Encrypt/Decrypt a file in php with OpenSSL

In today's digital age, ensuring security of sensitive information is paramount. One effective way to safeguard data is through encryption. In this blog, we'll explore the fundamentals of file encryption and decryption using PHP OpenSSL extension.

First, you need to make sure you have OpenSSL library installed and You have installed and enabled PHP OpenSSL extension.
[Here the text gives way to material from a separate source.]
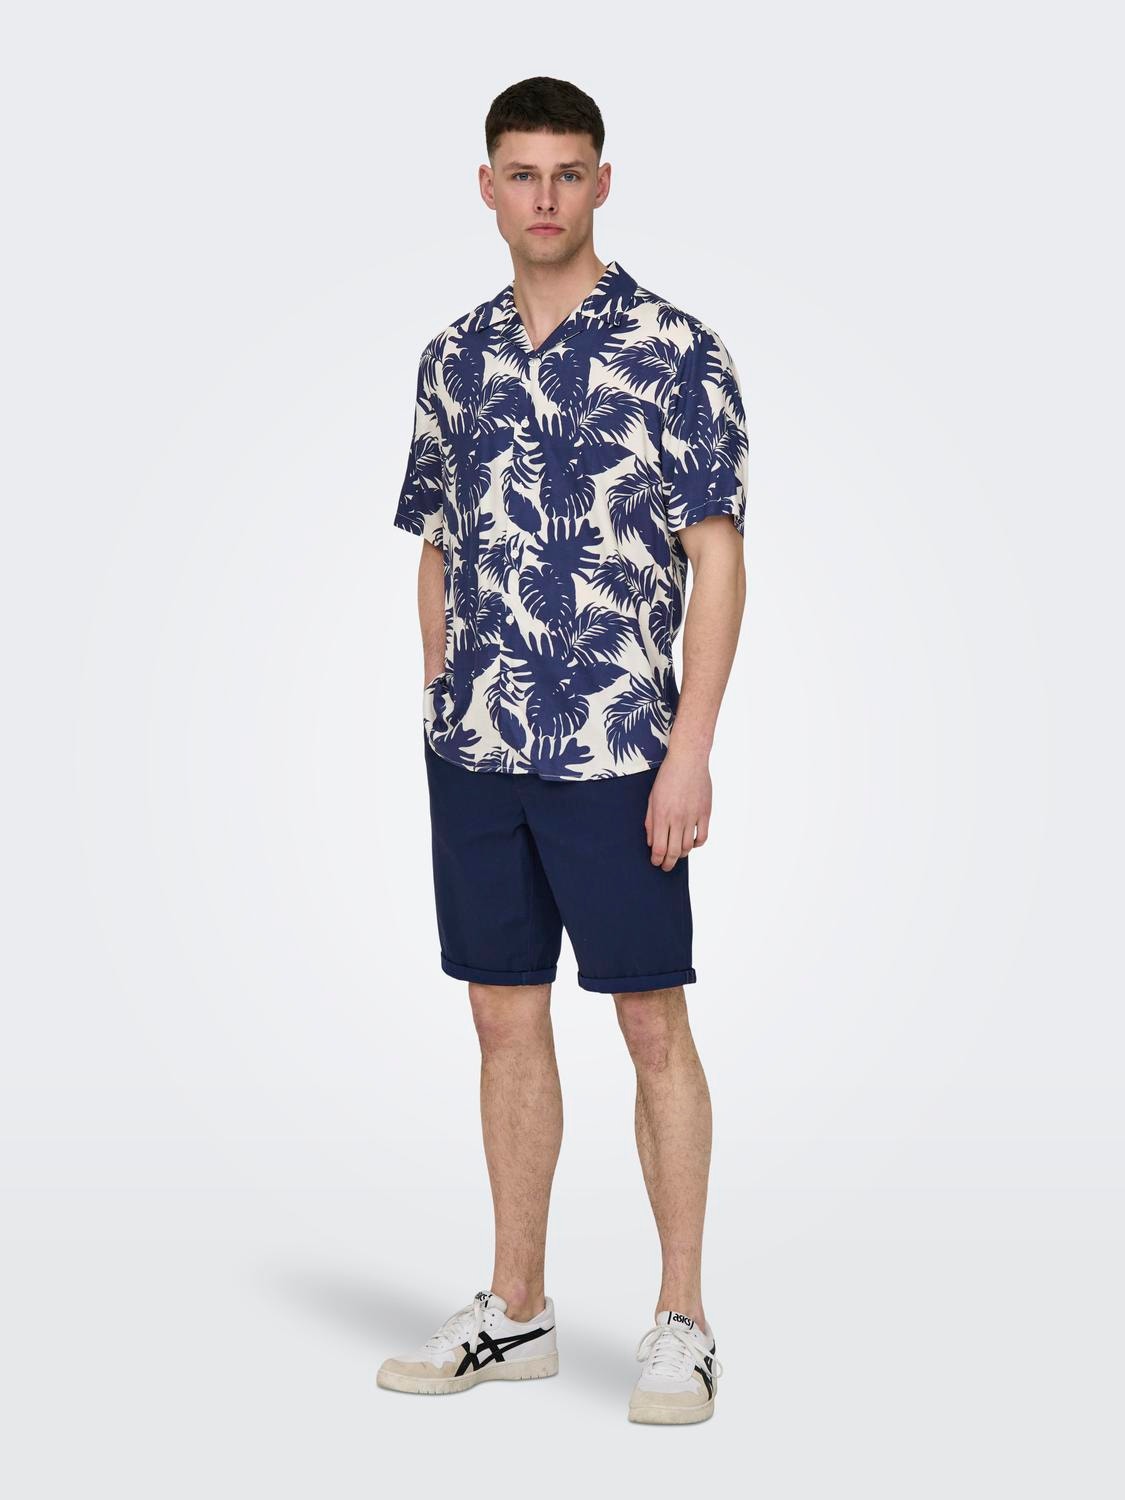 ONLY & SONS Short sleeved shirt with pattern -Dress Blues - 22028400

An example to encrypt a file look like this:

$encryptionKey = 'YourEncryptionKey';
// Read the content of the file
$fileContent = file_get_content($file);

// Generate an initialization vector (IV)
$iv = openssl_random_pseudo_bytes(
    openssl_cipher_iv_length('AES-256-CBC')
);

// Encrypt the file content
$encryptedContent = openssl_encrypt(
    $fileContent,
    'AES-256-CBC',
    $encryptionKey,
    0,
    $iv
);

// Concatenate the IV and encrypted content
$encryptedData = $iv.$encryptedContent;

In this example, the file at $fileContent is read, encrypted using AES-256-CBC algorithm, and then saved to $encryptedFile. The encryption key $encryptionKey is used along with a randomly generated initialization vector $iv to encrypt the content.

An example to decrypt a file:

$encryptionKey = 'YourEncryptionKey';
// Read the content of the file
$fileContent = file_get_content($file);

// Extract the IV and encrypted content
$iv = substr(
    $fileContent,
    0,
    openssl_cipher_iv_length('AES-256-CBC')
);
$encryptedContent = substr(
    $fileContent,
    openssl_cipher_iv_length('AES-256-CBC')
);

// Decrypt the content
$decryptedContent = openssl_decrypt(
    $encryptedContent,
    'AES-256-CBC',
    $encryptionKey,
    0,
    $iv
);

In this example, the encrypted data is read from $fileContent. The initialization vector $iv and encrypted content are extracted from the data. The content is then decrypted using the same encryption key $encryptionKey and written to $decryptedFile.

Make sure to replace 'YourEncryptionKey' with a strong and secure encryption key of your choice.

Please note that symmetric encryption requires keeping the encryption key secure. If you need to transmit or store the encrypted file securely, you may also consider using asymmetric encryption (public-key cryptography) where different keys are used for encryption and decryption.